* YOUR INSTRUCTIONS
All pictures are to be omitted while the lines starting at the line with "Geodesic Dome Greenhouse" and ending at the line with "SLC Utah Wedding" in the material below are retyped exactly, both ends included.
::: MATERIAL TO PROCESS :::
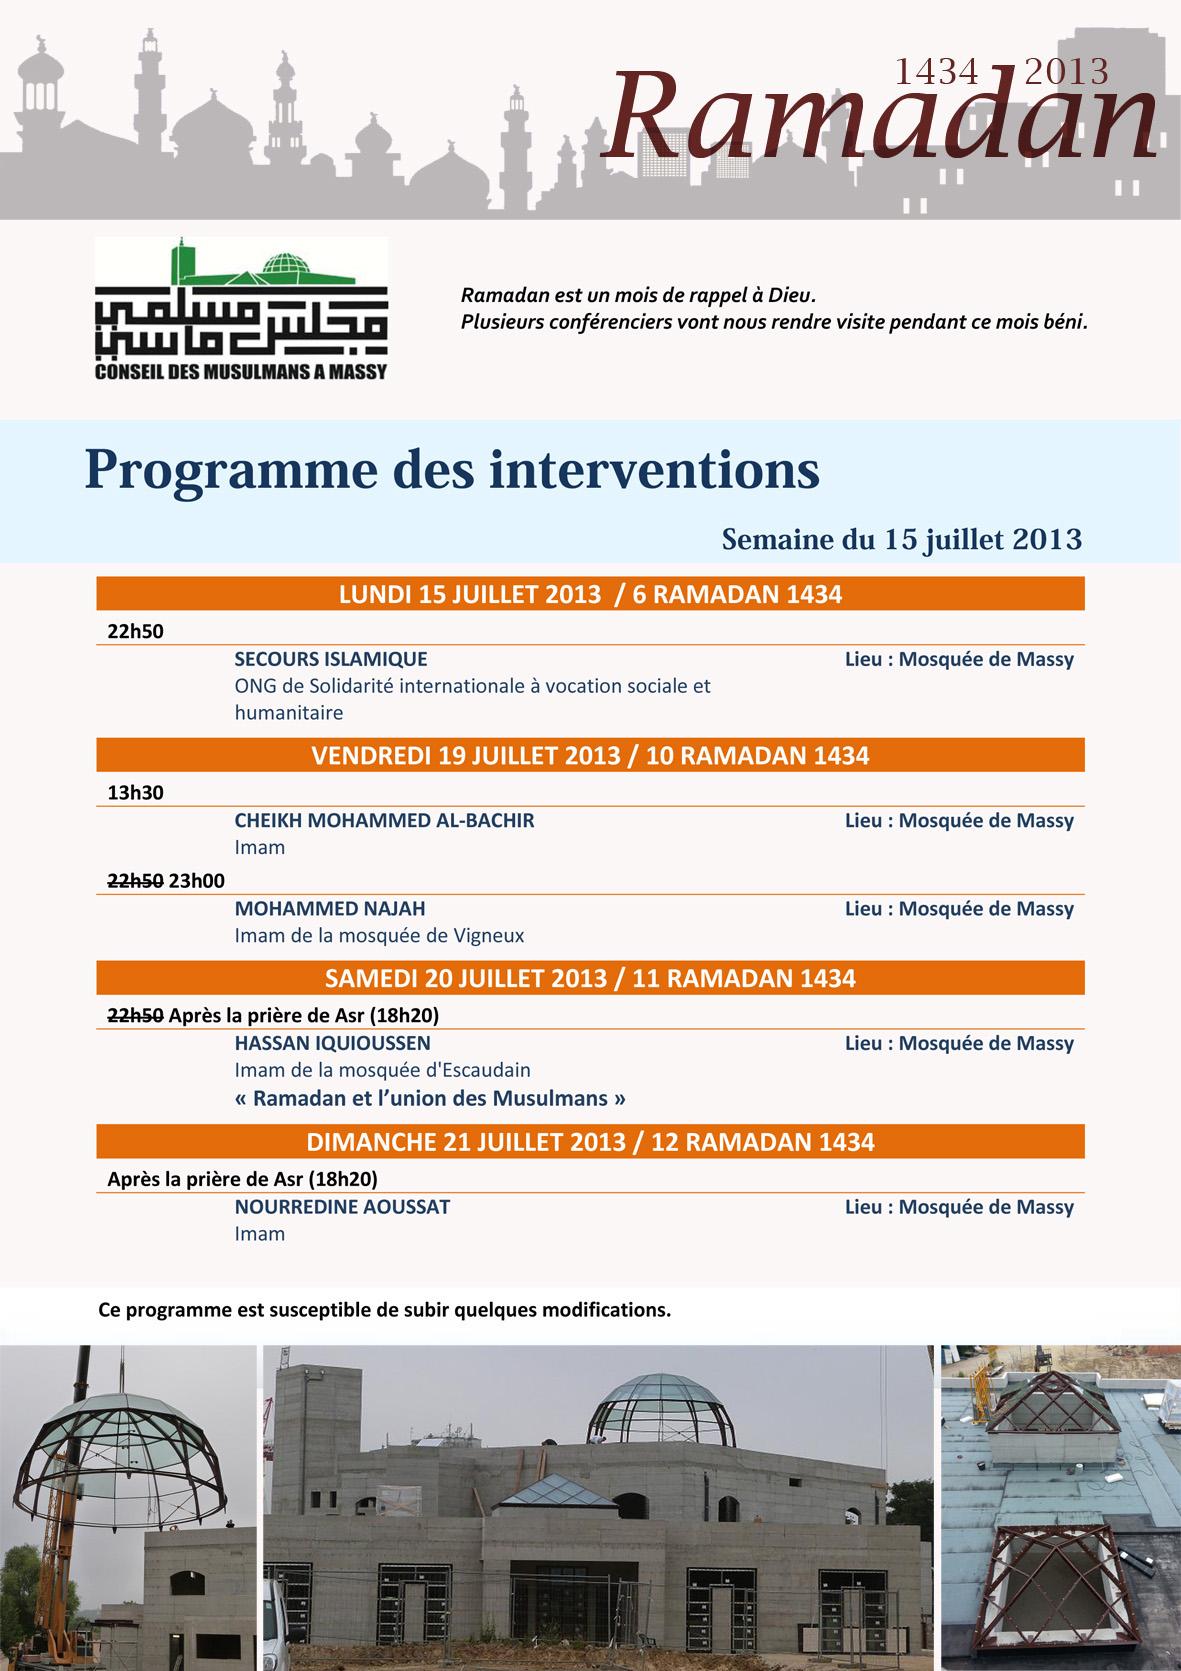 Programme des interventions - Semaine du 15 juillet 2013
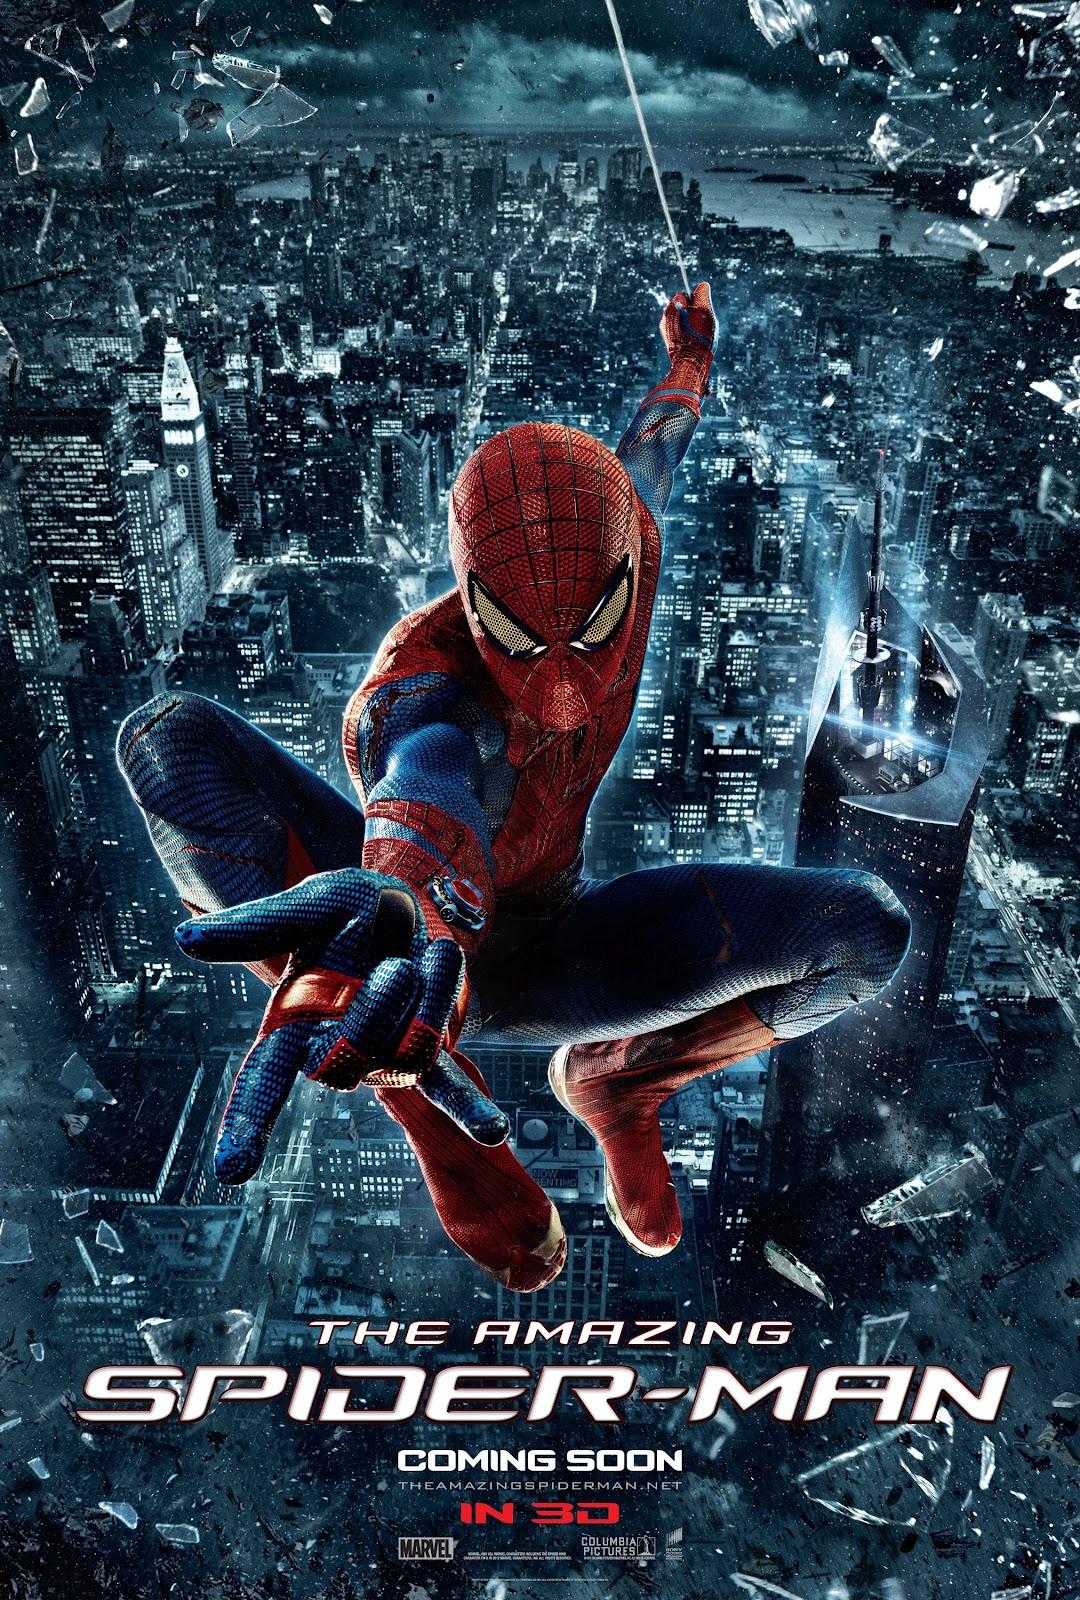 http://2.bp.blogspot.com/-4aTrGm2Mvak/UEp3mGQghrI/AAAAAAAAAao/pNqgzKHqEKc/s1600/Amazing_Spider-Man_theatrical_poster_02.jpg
:::
::: MATERIAL TO PROCESS :::
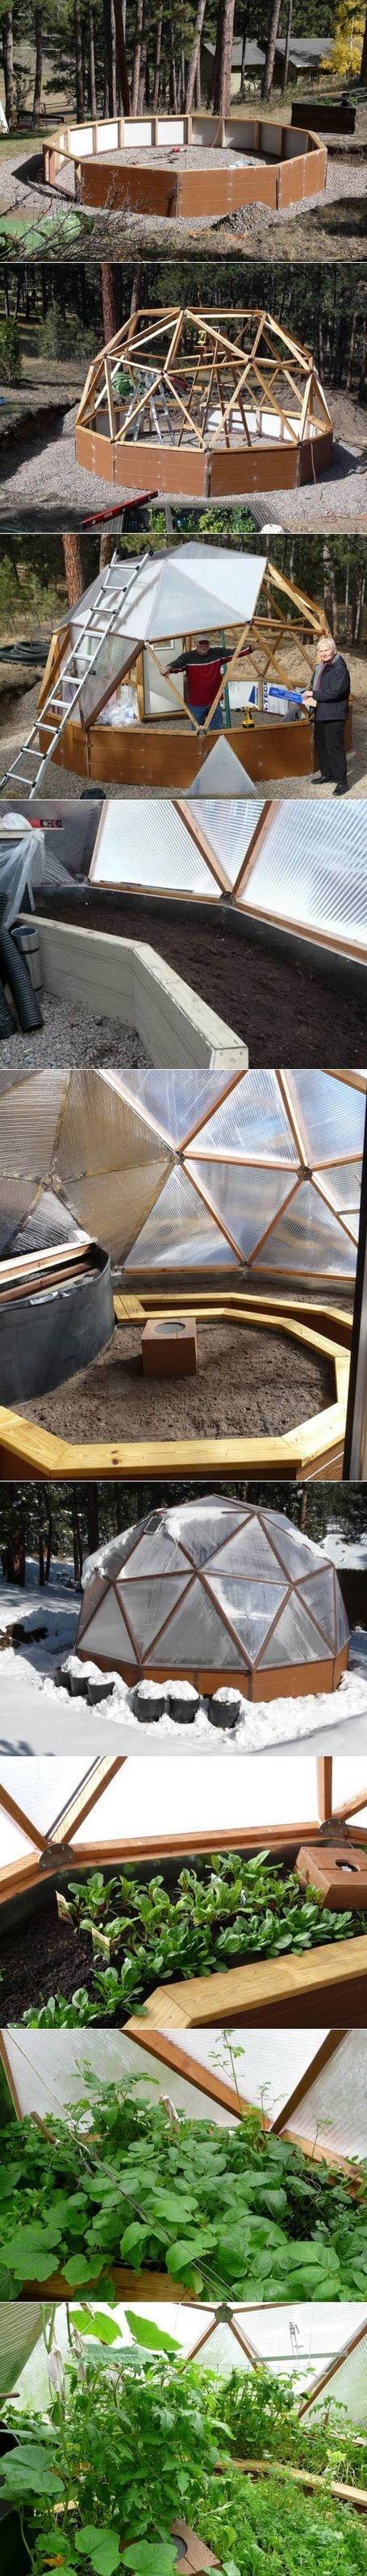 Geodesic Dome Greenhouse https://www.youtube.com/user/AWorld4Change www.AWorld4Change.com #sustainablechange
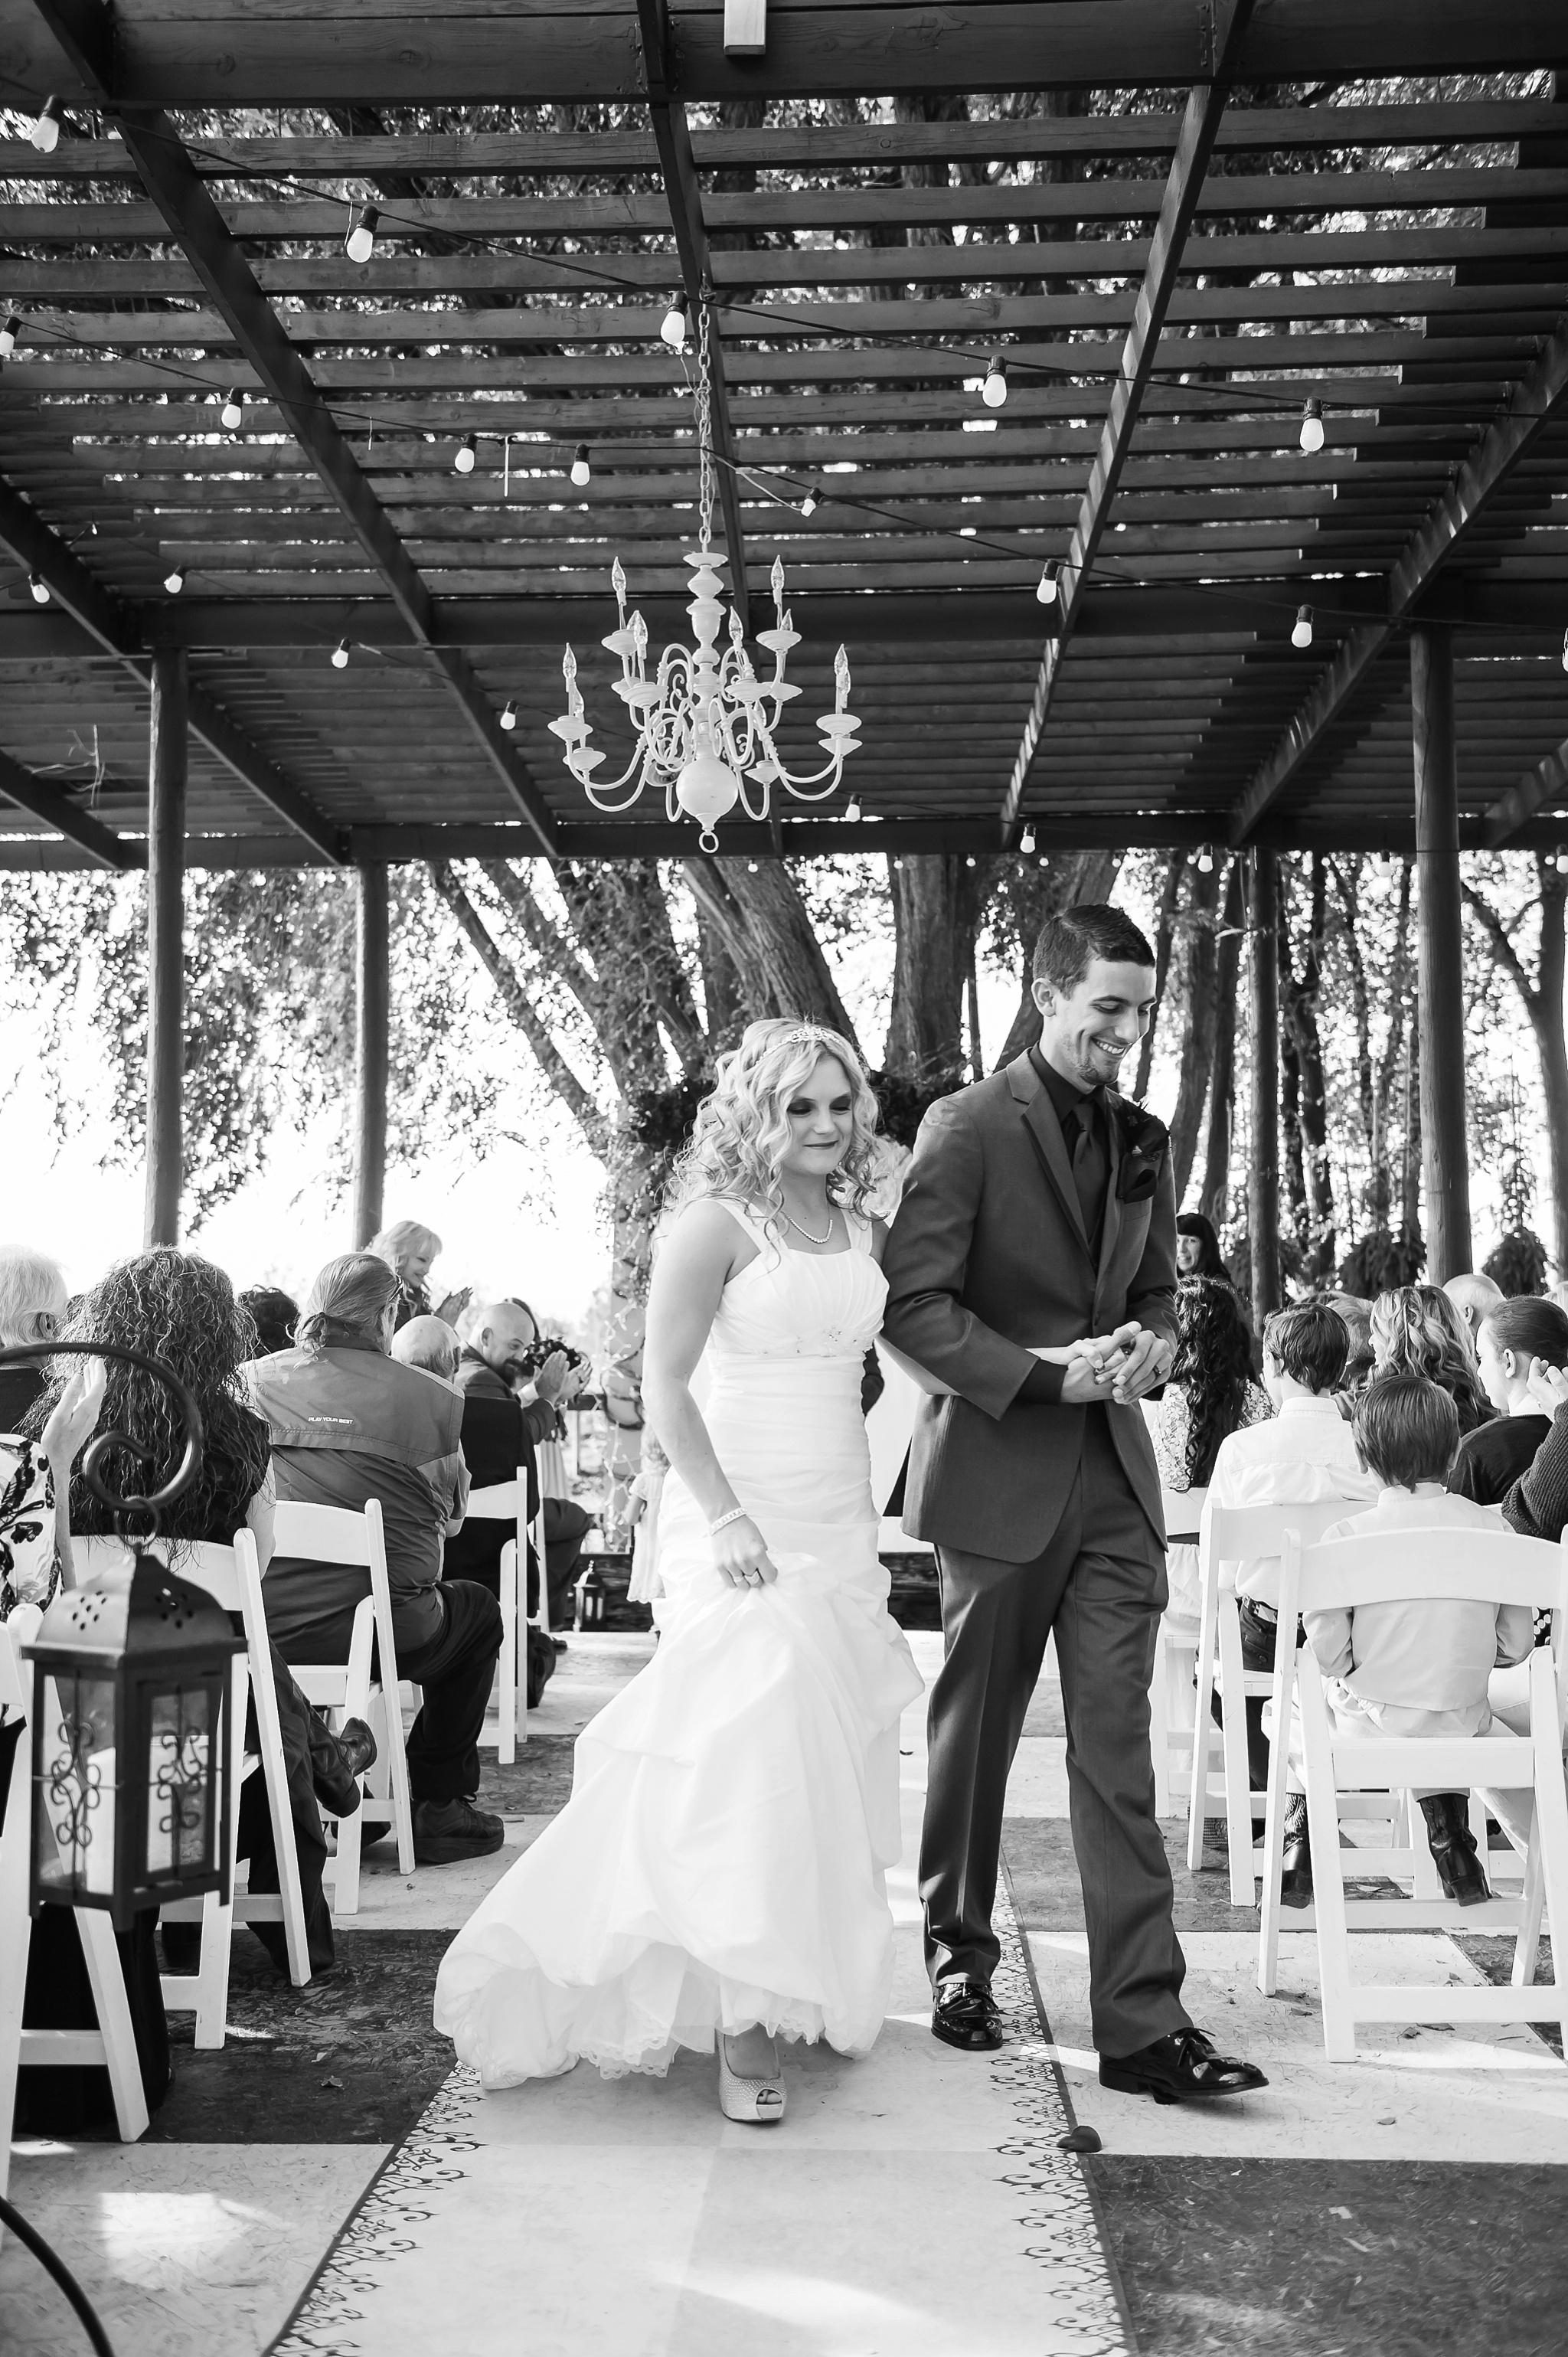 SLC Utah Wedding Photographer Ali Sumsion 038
:::
* SOLUTION TO THE PROBLEM
 Geodesic Dome Greenhouse https://www.youtube.com/user/AWorld4Change www.AWorld4Change.com #sustainablechange
 SLC Utah Wedding Photographer Ali Sumsion 038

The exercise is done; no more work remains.